This house has been so good to me over the years. I bought it about 18 years ago because it sits next to my mother’s house. It had been quickly and cheaply renovated just before I bought it, and I decorated it nicely so that it could be rented out in the summer to pay the mortgage. It’s a very simple house, only four bedrooms and two bathrooms, a breezeway and a garage. There is no basement and the kitchen, living room and dining area all share one communal space.
But it’s aged. The basic house was nearly fifty years old.
Here it looks lovely on a bright summer day just a few years ago, in the height of it’s summer glory, but behind the cheerful facade a number of large issues have grown recently:
1. It leaks heat. The insulation, caulking and windows have been failing to the extent that I’ve been unable to heat the house above 70 degrees during the cold days of winter.
2. The roof is sagging, separating from the chimney and window wells, and leaks are beginning to occur.

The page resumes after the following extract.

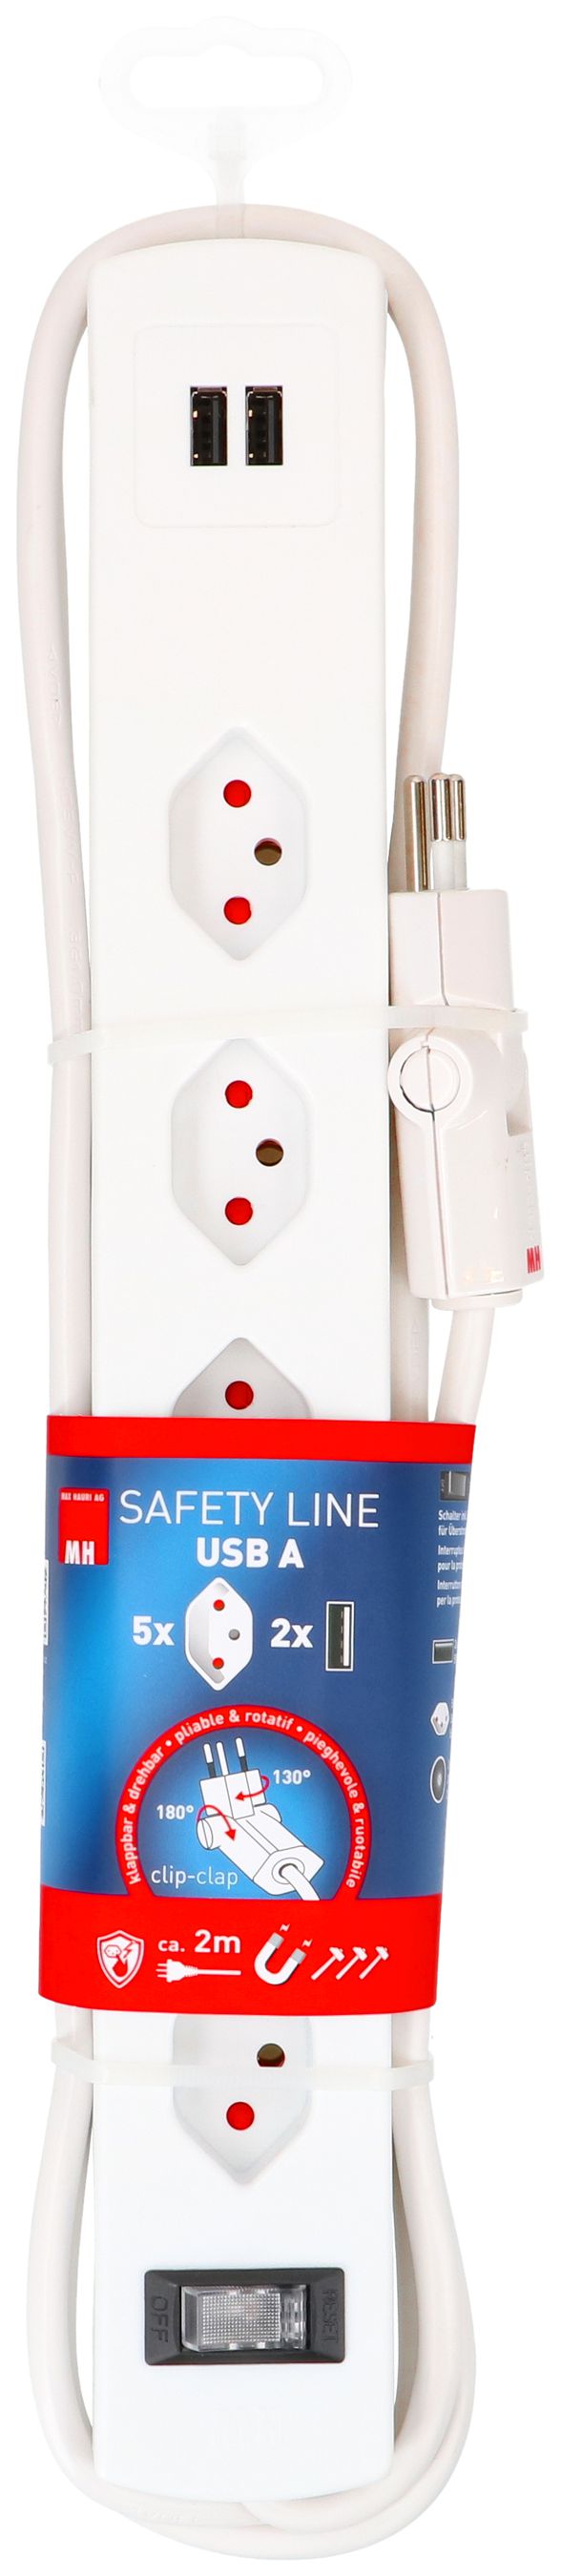 multipresa Safety Line 5x tipo 13 90° BS bi interruttore USB mag.

3. The ground floor is warping due to some leakage in the basement crawlspace (you drop down a hold in the hall closet and crawl on your knees in sand to all of the mechanicals) and uneven settling of the cinderblock foundation so that the doors are rubbing against the floor.
4. There is no basement! Boy, would it be nice to have one.
5. The kitchen drawers and doors are beginning to sag after numerous repairs.
In short, the roof and windows need to be replaced and renovations need to be done to the kitchens and bathrooms.
The Only House On The Block Not Renovated
Most of the houses on this block have been majorly remodeled. One of the best ideas has been to move the kitchen to the breezeway and extend the inside of the house. This has been something I’ve thought about for a long time.
SO, with all these issues and desires paired with the fact that INTEREST RATES ARE AT THEIR LOWEST IN MY LIFETIME, and that I’m in the design business, but I’ve never done a real renovation, let alone build a house, I decided that it would be a better investment to start from scratch, build a house for the next 100 years and not try to improve on this old one.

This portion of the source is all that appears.